_AIM OF THE TASK_. From the entries below, write out exactly the lines between the line holding "Arthur Lira é" and the line holding "Denivit Whitening Expert", inclusive, excluding any pictures.

_THE INPUT_.
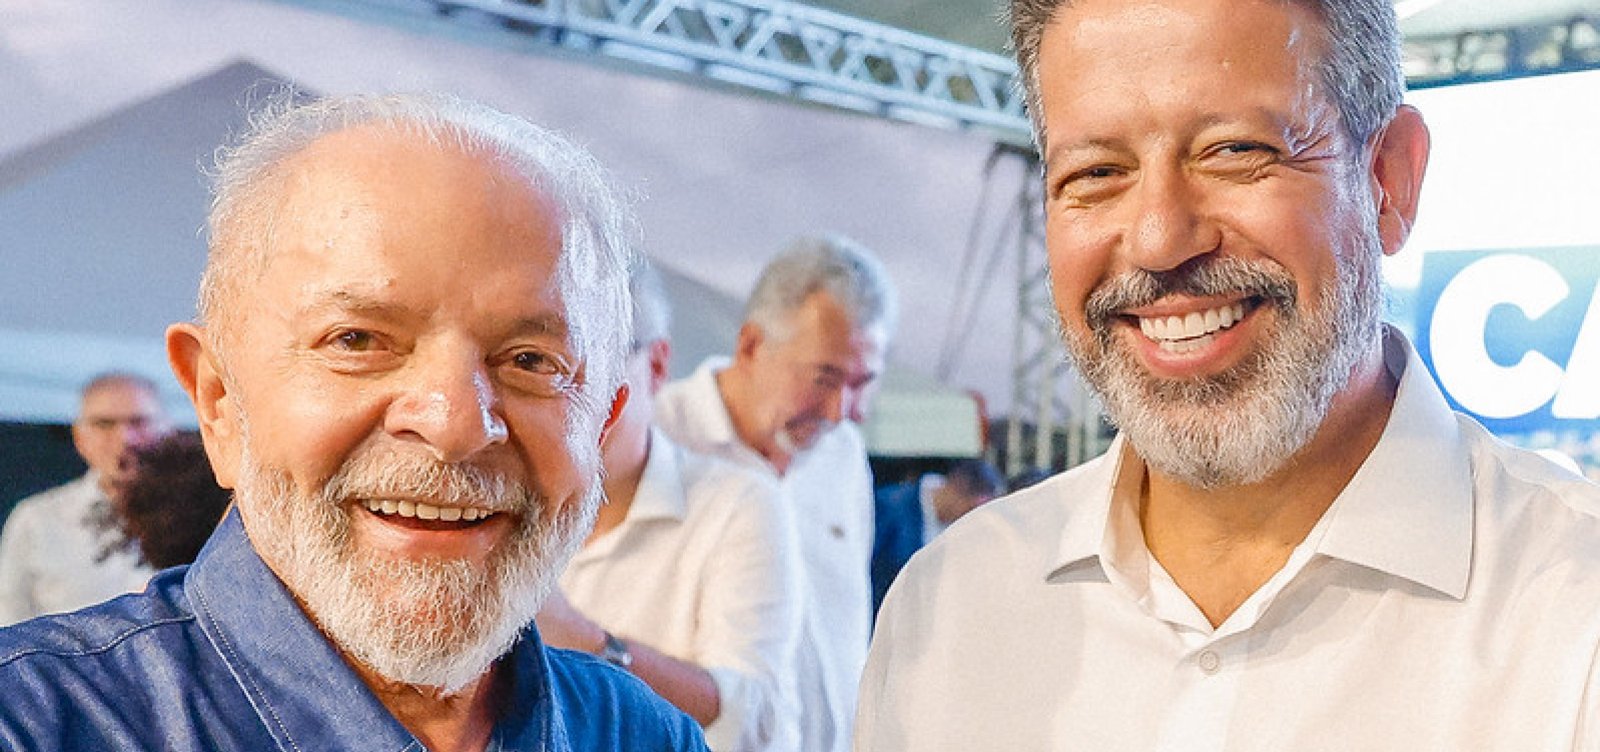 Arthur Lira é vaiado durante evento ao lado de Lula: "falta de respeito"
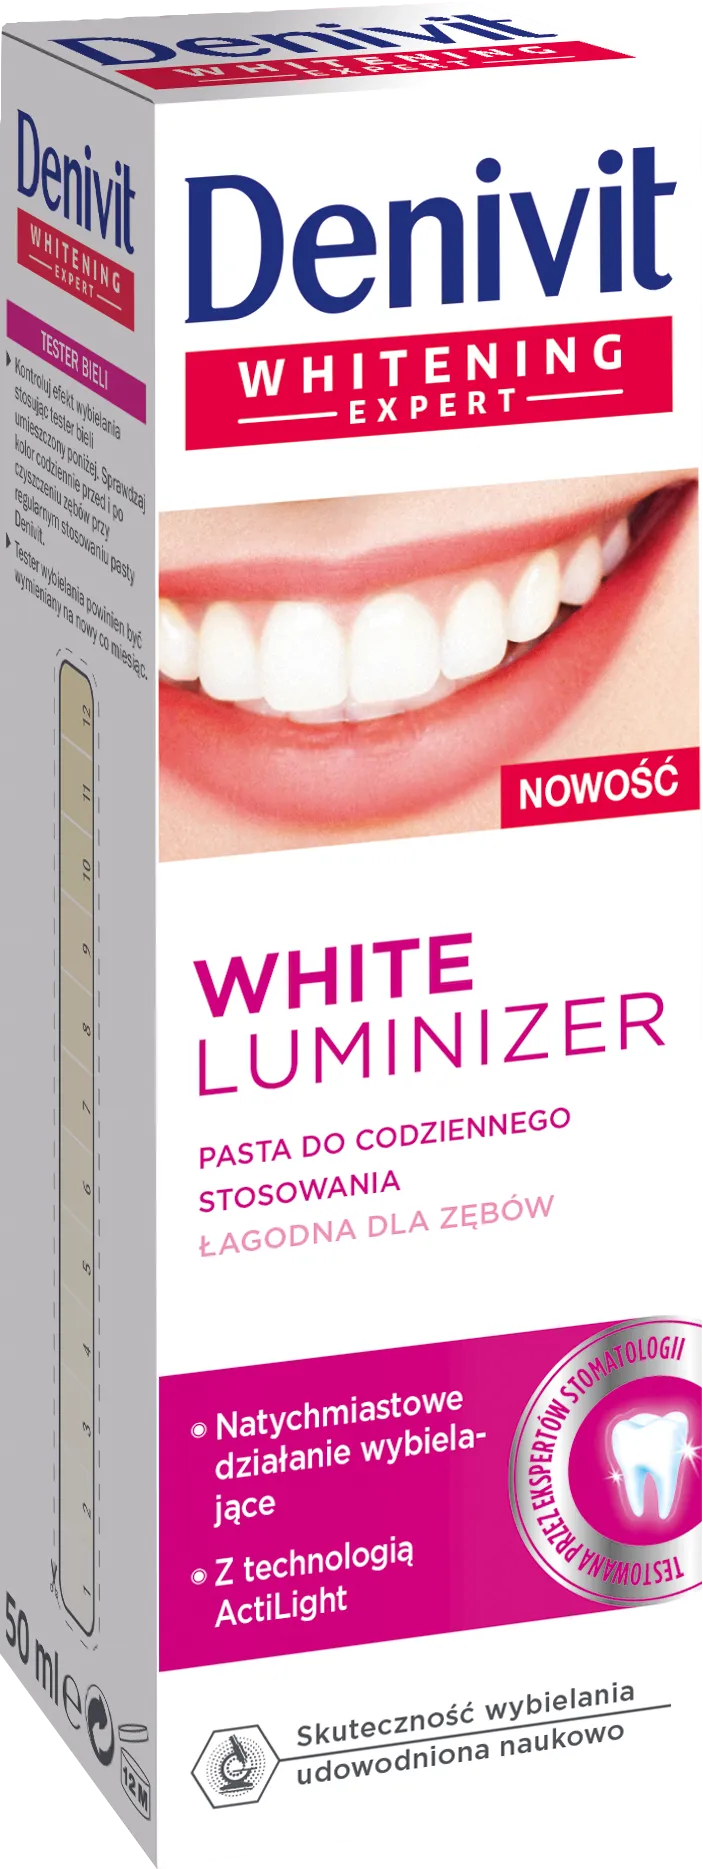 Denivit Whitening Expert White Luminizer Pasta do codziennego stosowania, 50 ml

* * *

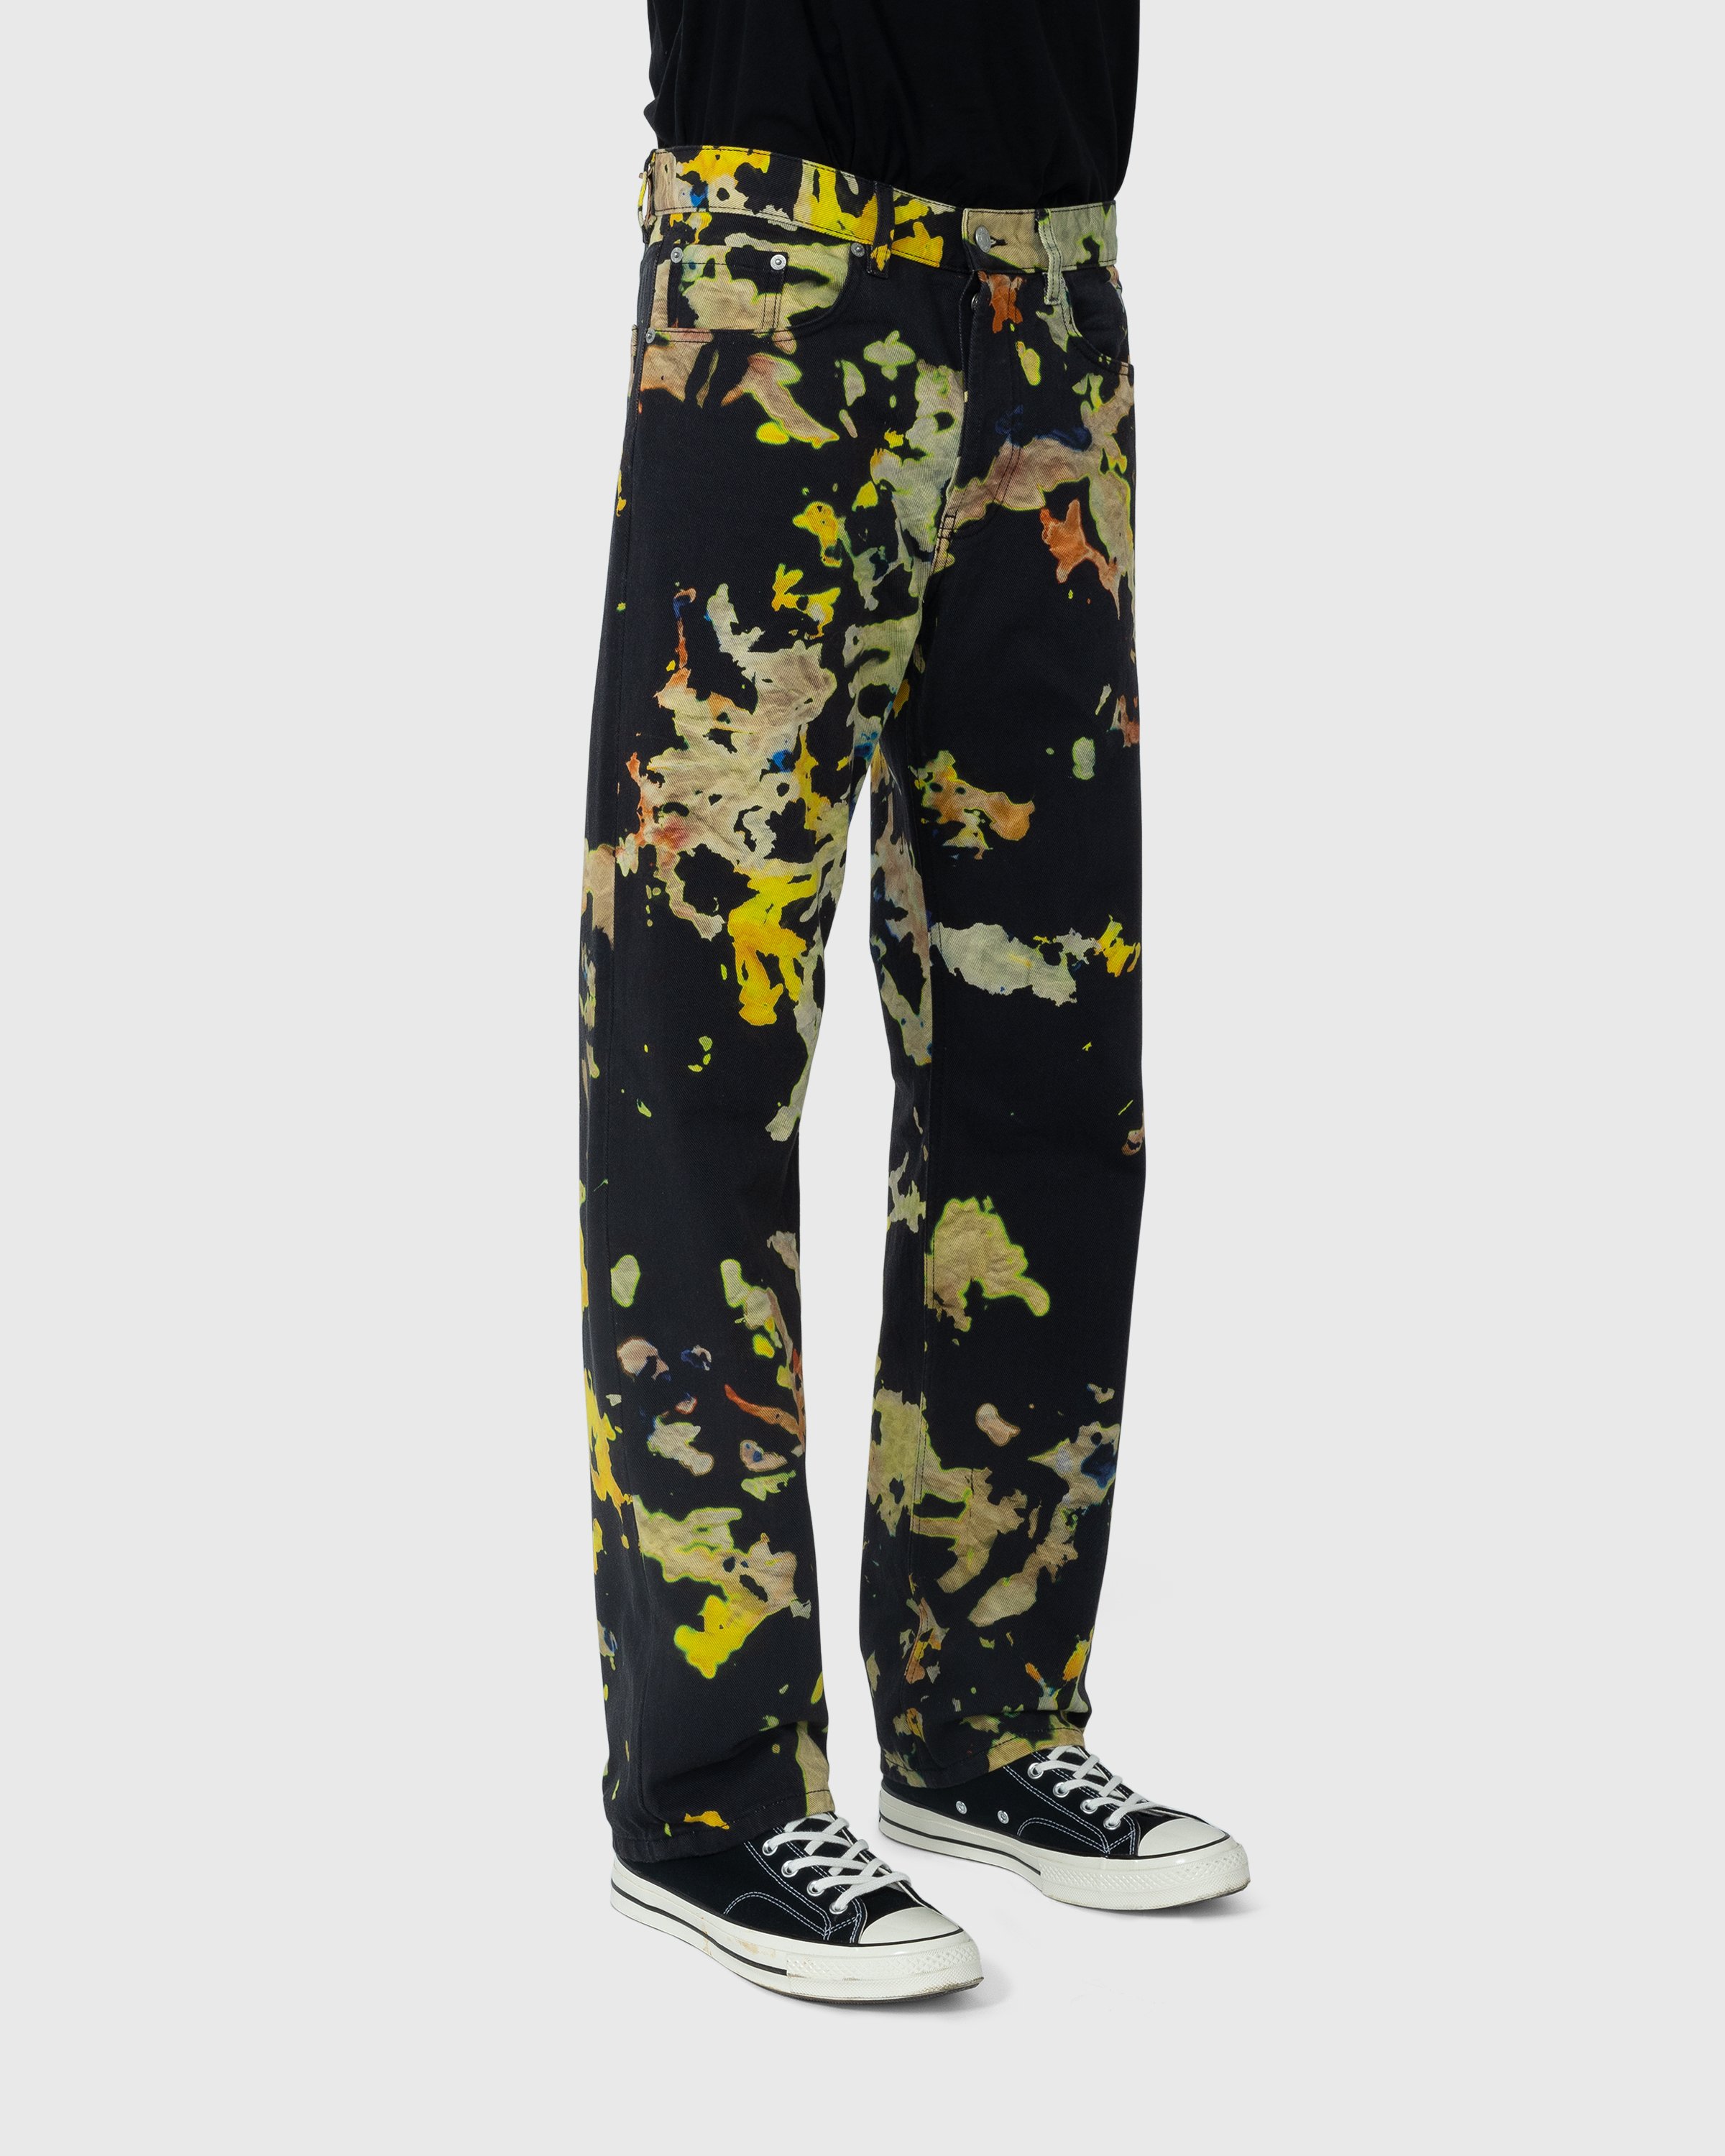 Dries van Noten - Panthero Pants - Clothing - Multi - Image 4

_EXERCISE RESULT_.
 Arthur Lira é vaiado durante evento ao lado de Lula: "falta de respeito"
 Denivit Whitening Expert White Luminizer Pasta do codziennego stosowania, 50 ml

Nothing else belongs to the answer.